WildChina > WildChina > Travel Tip: Dining with Allergies in China

Dining in China is a fantastic experience for the palate, with a myriad of new flavors, textures, and aromas to enjoy.

 Allergies
Don’t let allergy fears get in the way of enjoying Chinese cuisines.

However, it can be a horrifying experience for travelers with allergies. If you don’t speak Chinese, cannot understand the menu, and have no one to ask, what can you do? Trying your luck is terribly risky; on the other hand, limiting yourself to, say, hotel restaurants with English-speaking staff is both boring and inauthentic.

We’ve compiled a list of useful tips and tricks for enjoying Chinese cuisine, without the stress of dietary restrictions gnawing at your plate:

1) Keep a multi-lingual allergy card handy. Companies like SelectWisely can easily customize a card with your allergy and dietary restrictions for $7.50 – $9.50 (between ~50 and ~64 RMB) per card. Be sure to specify simplified Mandarin characters when traveling to Mainland China, and traditional characters if you visit Hong Kong or Taiwan.

2) Pack your Benadryl. Be sure to have your medicines and epi-pens on hand when dining out. In addition to the language barrier, there may be some cultural misunderstandings in smaller areas. For example, nut allergies aren’t common in China, so there may be less awareness in smaller cities and towns about how severe reactions can be.

3) Know your local China healthcare information. Your tour operator can provide you with contacts and policies for the nearest hospital, doctor, or other healthcare provider to where you are traveling in China. Keep this information handy, should an emergency arise, such as allergies.

4) Study Chinese cuisines. Chinese cuisines are quite different from American Chinese food, so do a little research on culinary traditions for areas of China that you will visit. Get a sense for what ingredients and flavors are prominent, and brainstorm which dishes would best suit your restrictions. When traveling, you’ll have a better sense of what foods are safe choices.

5) Stock up on your favorite foods (just in case). Coming prepared with your favorite snack foods will ease the stress of a restaurant successfully accommodating your needs. If you begin your China trip in Hong Kong, Shanghai, or Beijing, you can  purchase many popular Western food products from local Western-style grocers. Ask your tour operator for suggestions, and for starters, consult HK Magazine (Hong Kong) and CityWeekend (Shanghai, Beijing).

6) Ask your tour operator to organize special meals in advance. Any good tour operator in China will be able to accommodate your needs and requests with restaurants. Let them know what you prefer to eat, which foods you must avoid, and any additional information they should know.

While the above tips may give you the impression that those with allergies have quite the struggle in China, don’t fret! Finding dishes in China that meet your dietary needs is truly easier than you might think. A young British China economist living in Beijing who is allergic to eggs, seafood and nuts had this to say about dining in the Middle Kingdom:

“Before coming to China, I assumed that Chinese food would be largely off-limits, as I believed that all ingredients were mixed together. In fact, it has been quite easy for me to avoid these foods.
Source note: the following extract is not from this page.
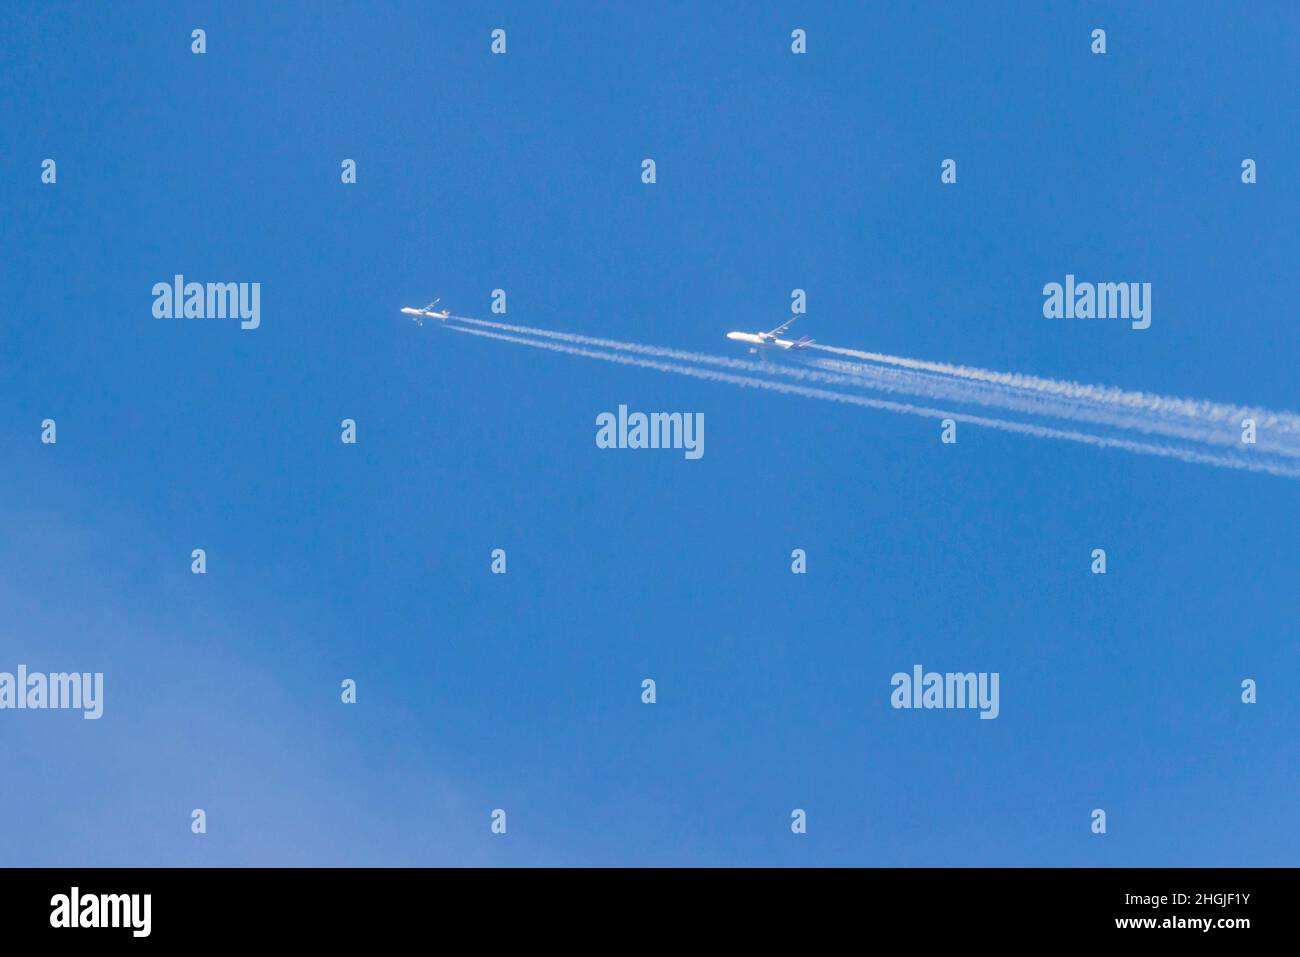 Blauer, wolkenloser Himmel. Vor dem Hintergrund fliegen zwei hoch fliegende Düsenflugzeuge, hinter denen sich ein weißer Streifen kondensierter Wasserdampf befindet. Stockfoto

Fish and seafood usually merit their own dishes, and are not mixed in with other foods – the one exception being small shrimp sometimes turning up in zhou [congee].

The worst has been nuts because of their prevalence in many Chinese dishes. However, I was relieved to find that fewer cooks use peanut oil because of the higher price. Most prefer soybean-based oils.

Chinese dishes are generally quite straightforward, and with an allergy card and/or guide to help, you shouldn’t have much problem navigating your meals.”

What Chinese dish do they suggest? Mapo doufua Sichuan-style mixture of tofu, spicy chili and bean oil, and minced meat.